Please output the listing below character for character and omit the images.

● Source material:
□ □ □ □ □

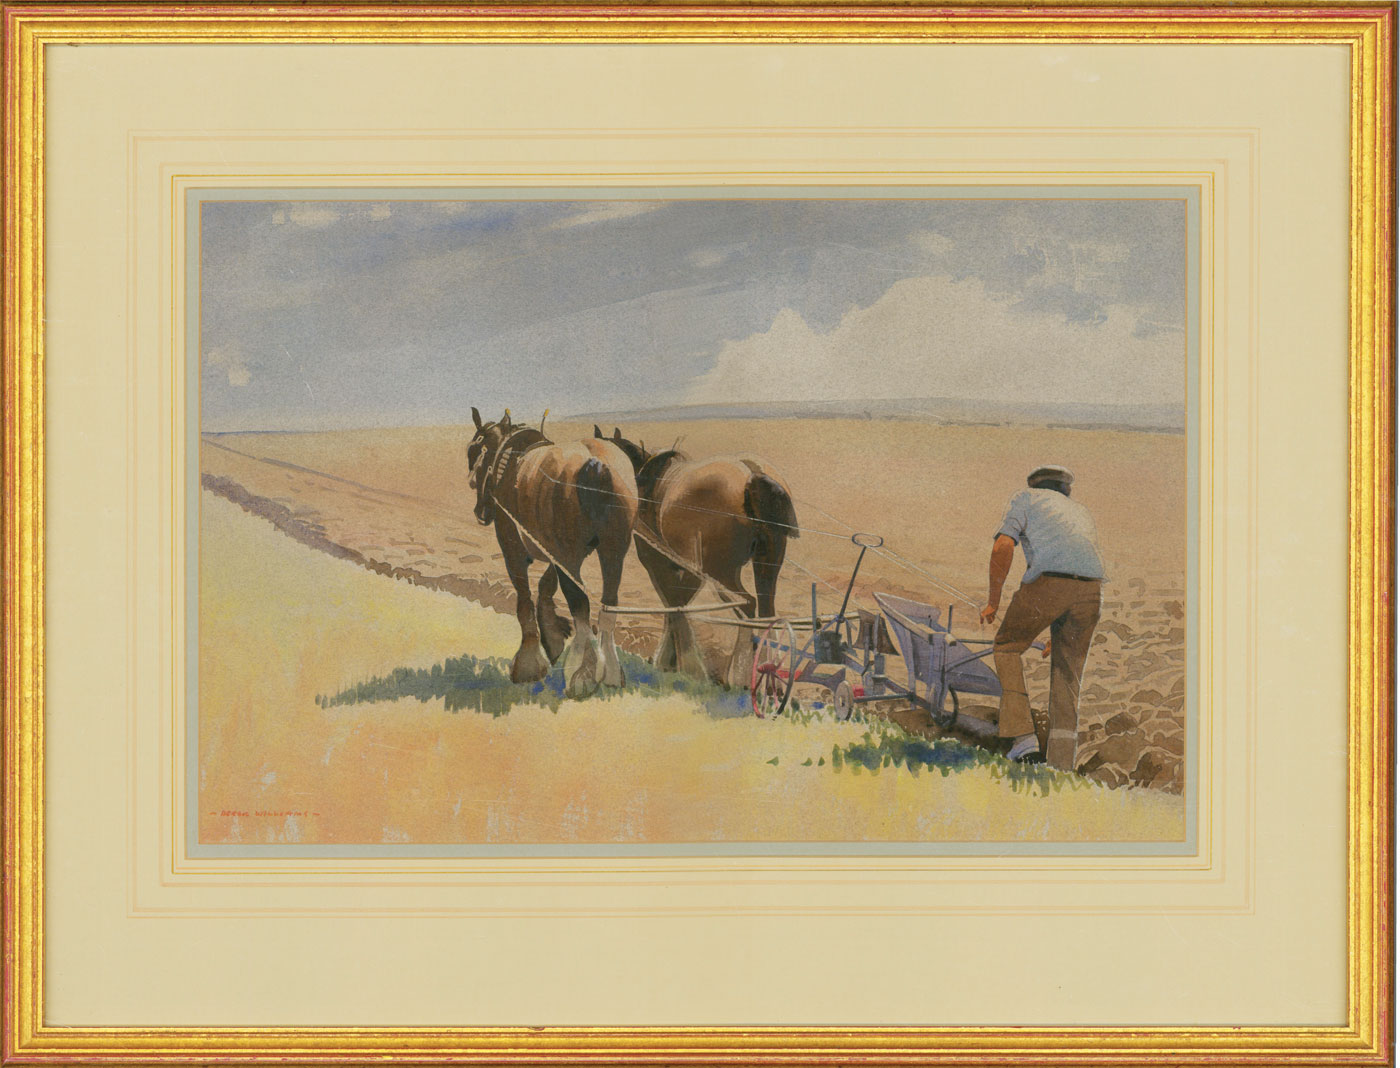 Derek Williams RBSA FRSA (1932-2009) - Signed Watercolour, Ploughing Top Field
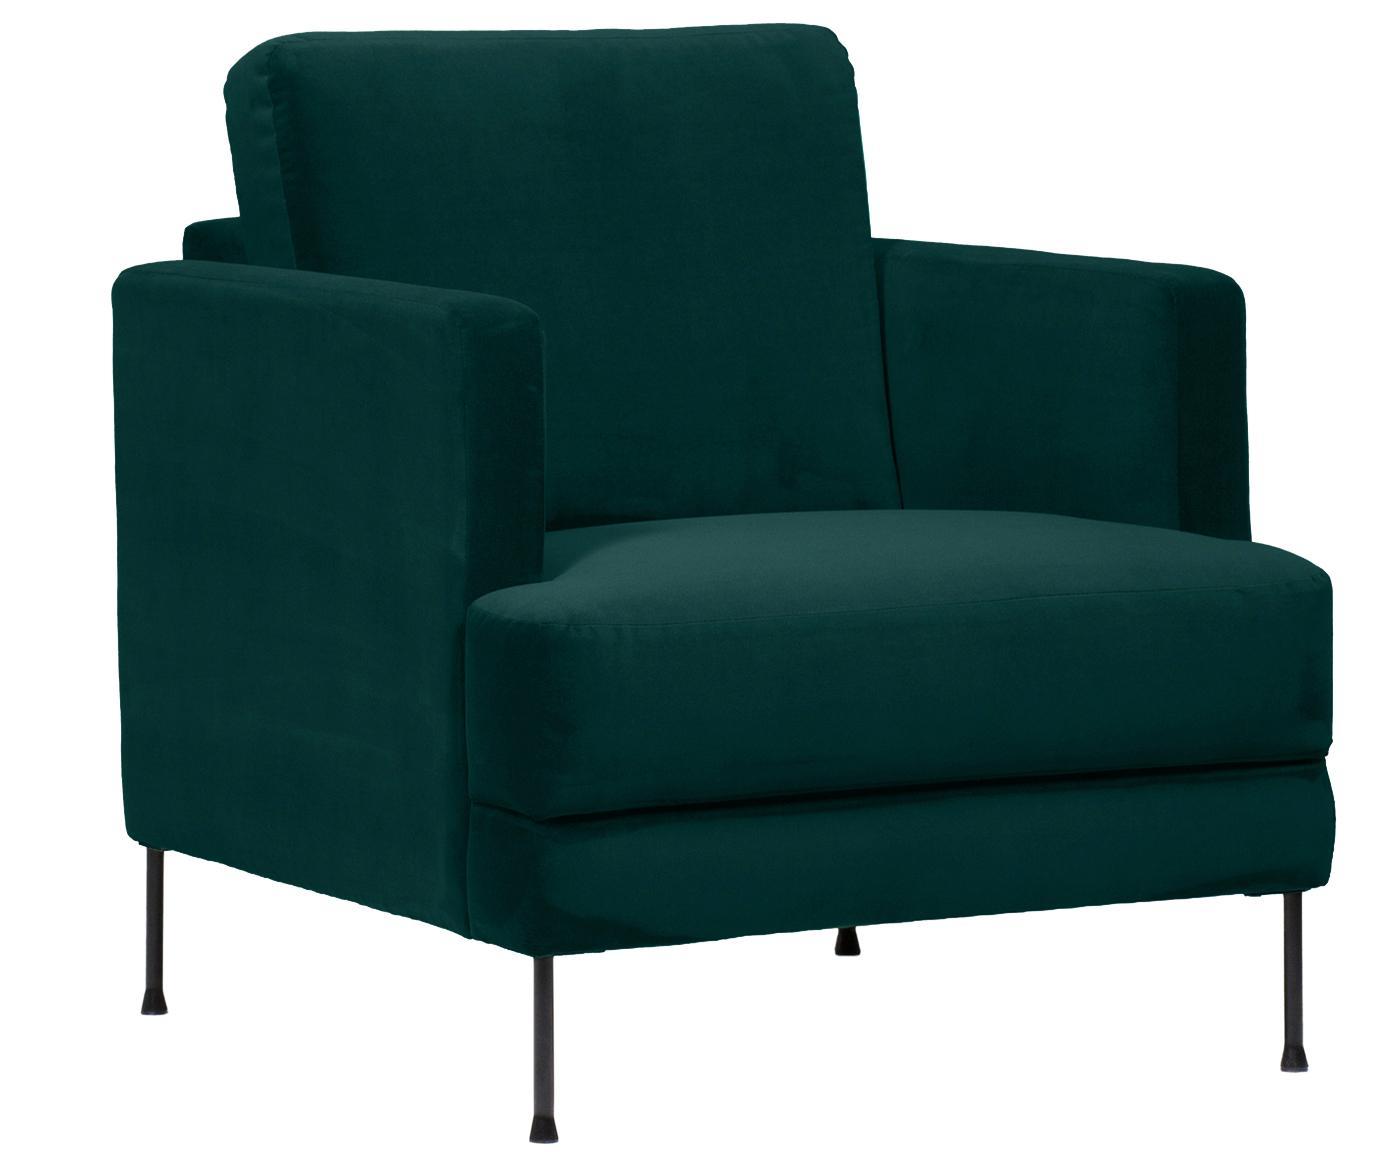 Samt-Sessel Fluente, Bezug: Samt (Polyester) 100.000 , Gestell: Massives Kiefernholz, Samt Dunkelgrün, B 76 x T 83 cm
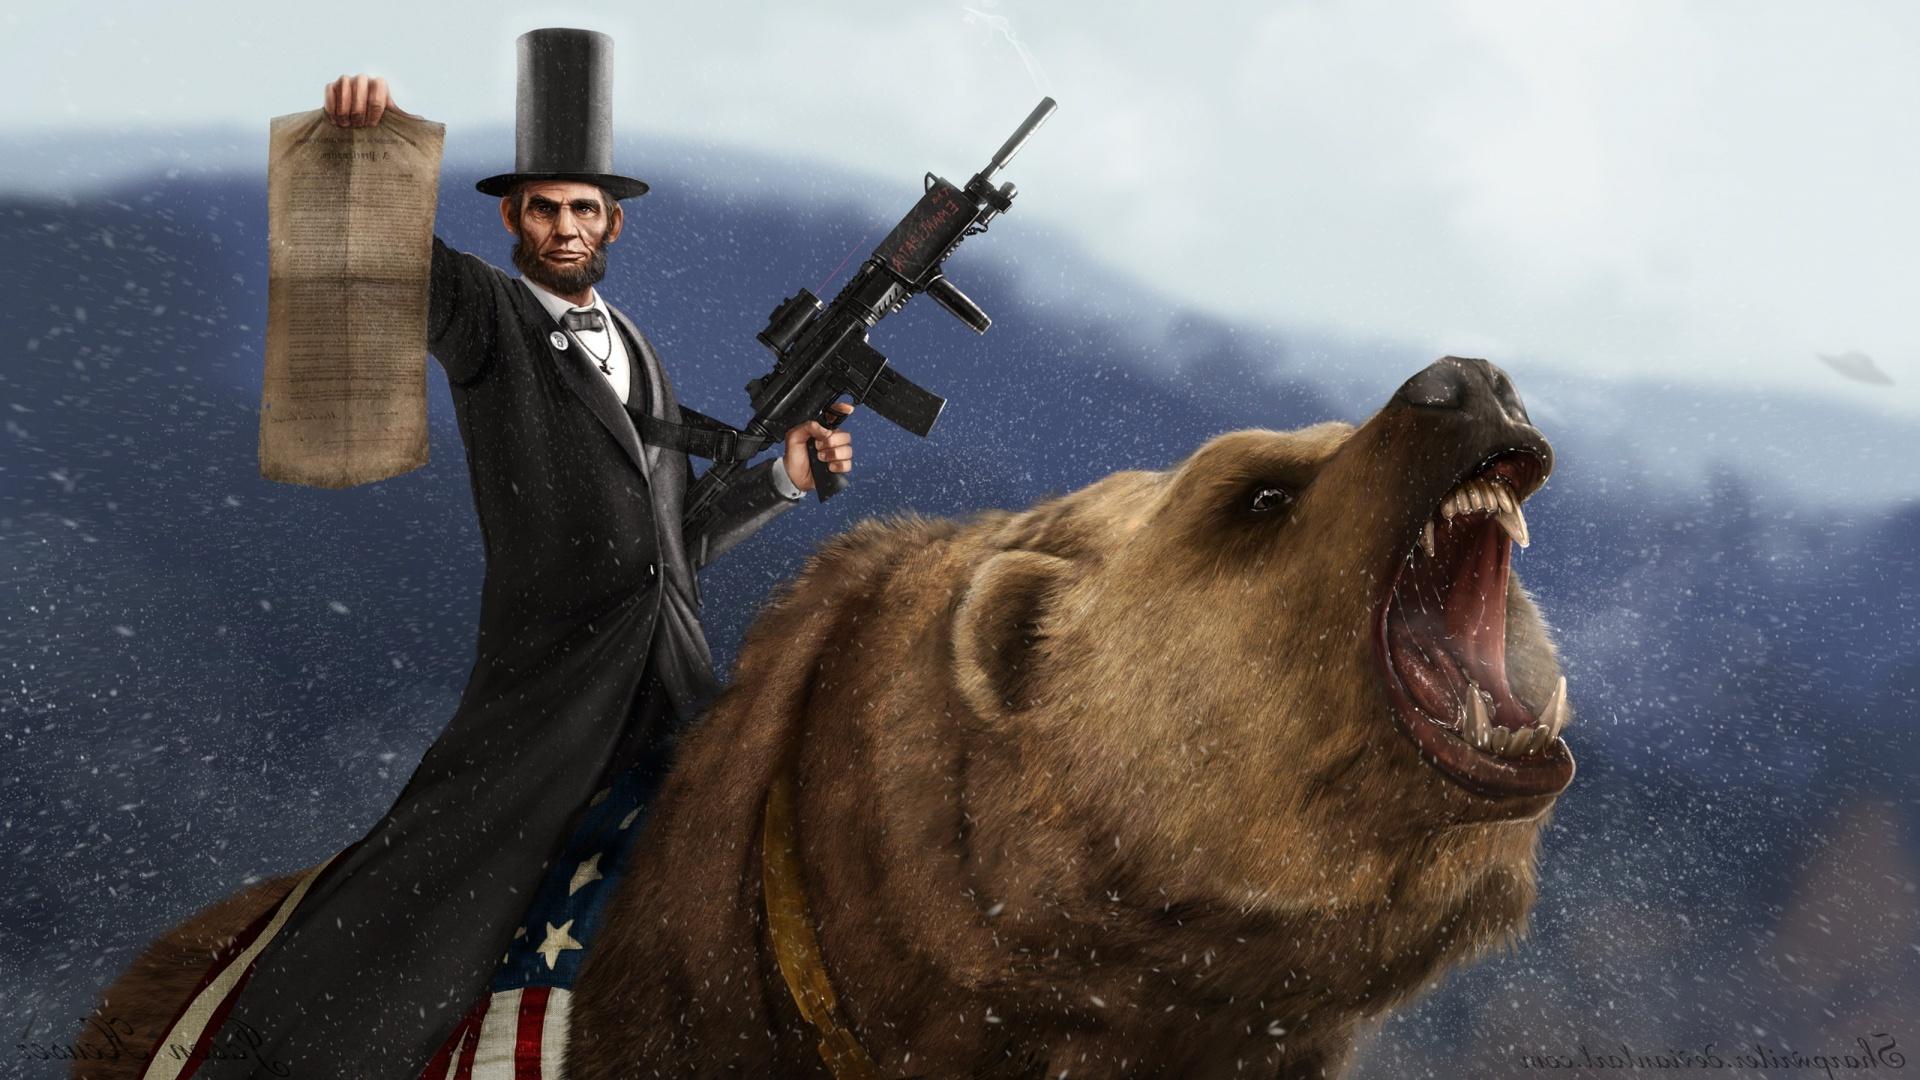 Abraham Lincoln Wallpaper Bear 1 1920x1080

□ □ □ □ □

● Expected answer:
 Derek Williams RBSA FRSA (1932-2009) - Signed Watercolour, Ploughing Top Field
 Samt-Sessel Fluente, Bezug: Samt (Polyester) 100.000 , Gestell: Massives Kiefernholz, Samt Dunkelgrün, B 76 x T 83 cm
 Abraham Lincoln Wallpaper Bear 1 1920x1080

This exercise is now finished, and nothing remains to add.